Why, though, would Russian parents want their children to read Stalinist literature? Or rather, why don't the Stalinist subtexts and the hated Socialist realist "positive hero" bother them when serving them up to their own children who are living in a new and completely different reality?
I think the answer is partially a kind of nostalgia (reflective nostalgia, à la Svetlana Boym, not restorative nostalgia, as one of our graduate students in the audience pointed out), and partially to the credit of those Stalinist era authors, many of whom were able to get "good" ideas for childhood (kindness to others, patience, teamwork, etc.) into their books. Their ability to manipulate the censorship of their era -- whether through Aesopian language or just dotting the SR i's and crossing the Stalinist t's -- while also doing their own thing have made some of those books into true classics.
And then there's The Giving Tree, by Shel Silverstein.

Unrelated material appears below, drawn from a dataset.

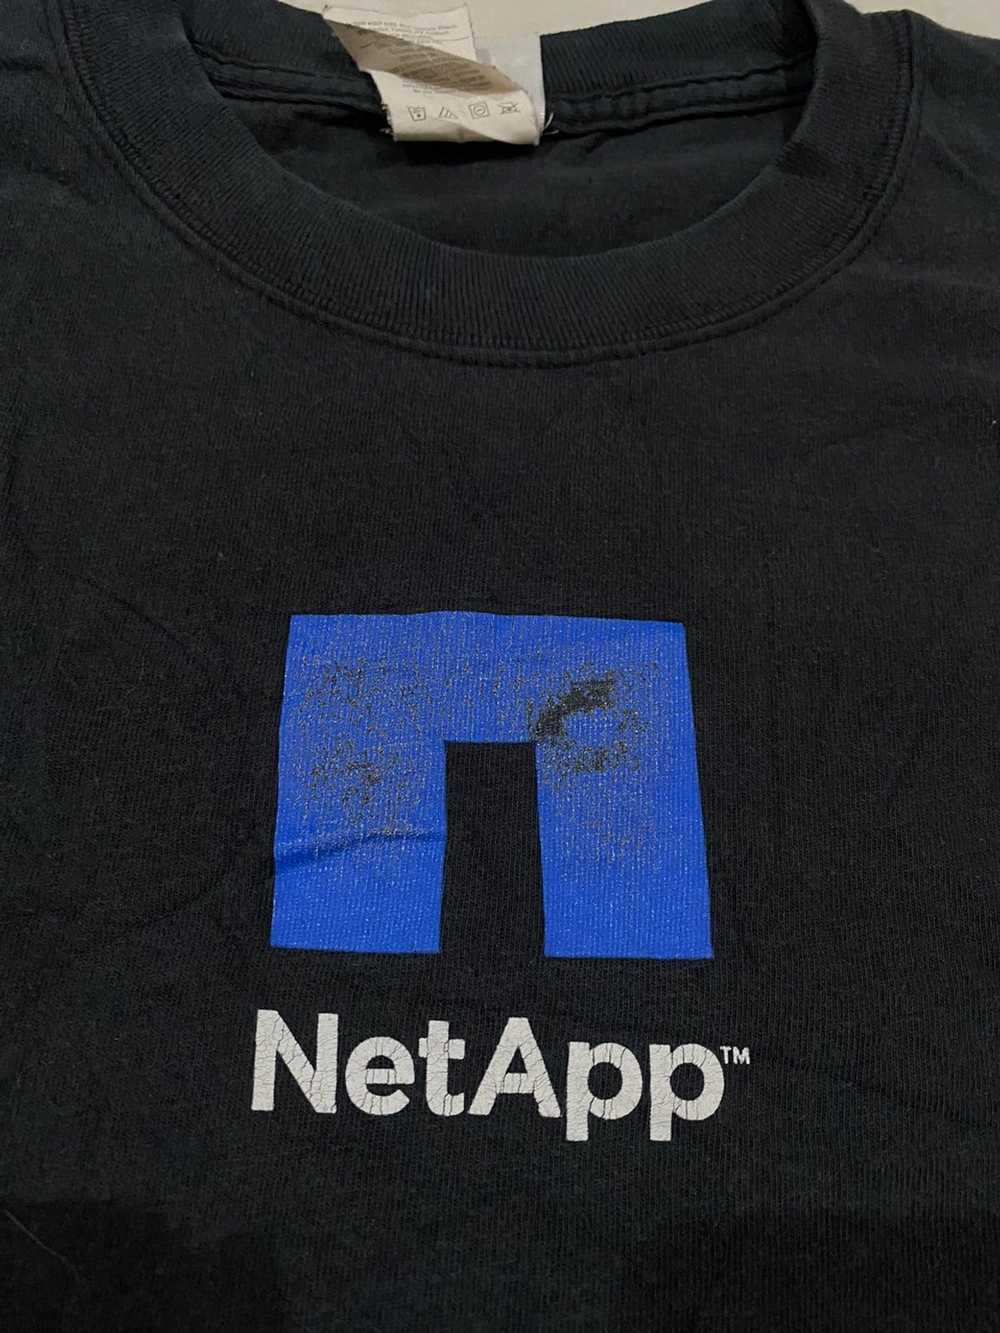 Apple × Japanese Brand NetApp T Shirt - image 6
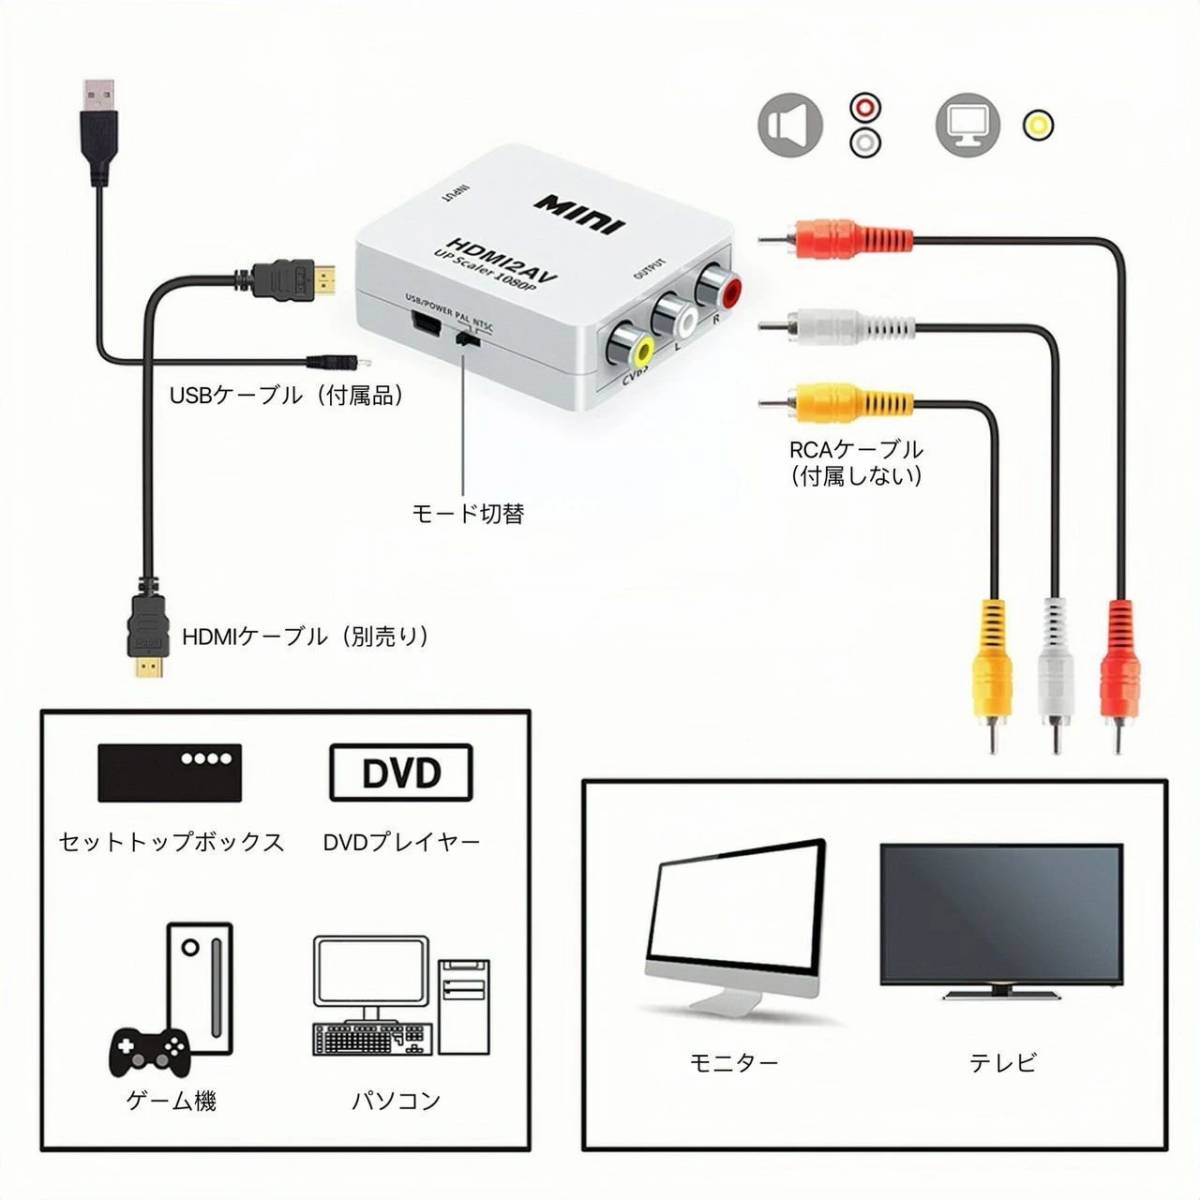 HDMI RCA 変換アダプタ HDMI to AV コンバーター アダプター HDMI AV コンポジット RCA変換アダプタ_画像3

As Anna Holmes wrote recently in the New York Times:
I never liked Shel Silverstein’s spare, twee little book, not the first time I read it, back in the late 1970s, or the second time, in the mid-1980s, or the third time, just a few weeks ago, in preparation for this column.I have to agree. And yet I, like many parents before me, have read it to my children numerous times, despite finding it somewhat creepy and not feeling comfy with its message. Perhaps that too is part of what is going on with post-Soviet parents?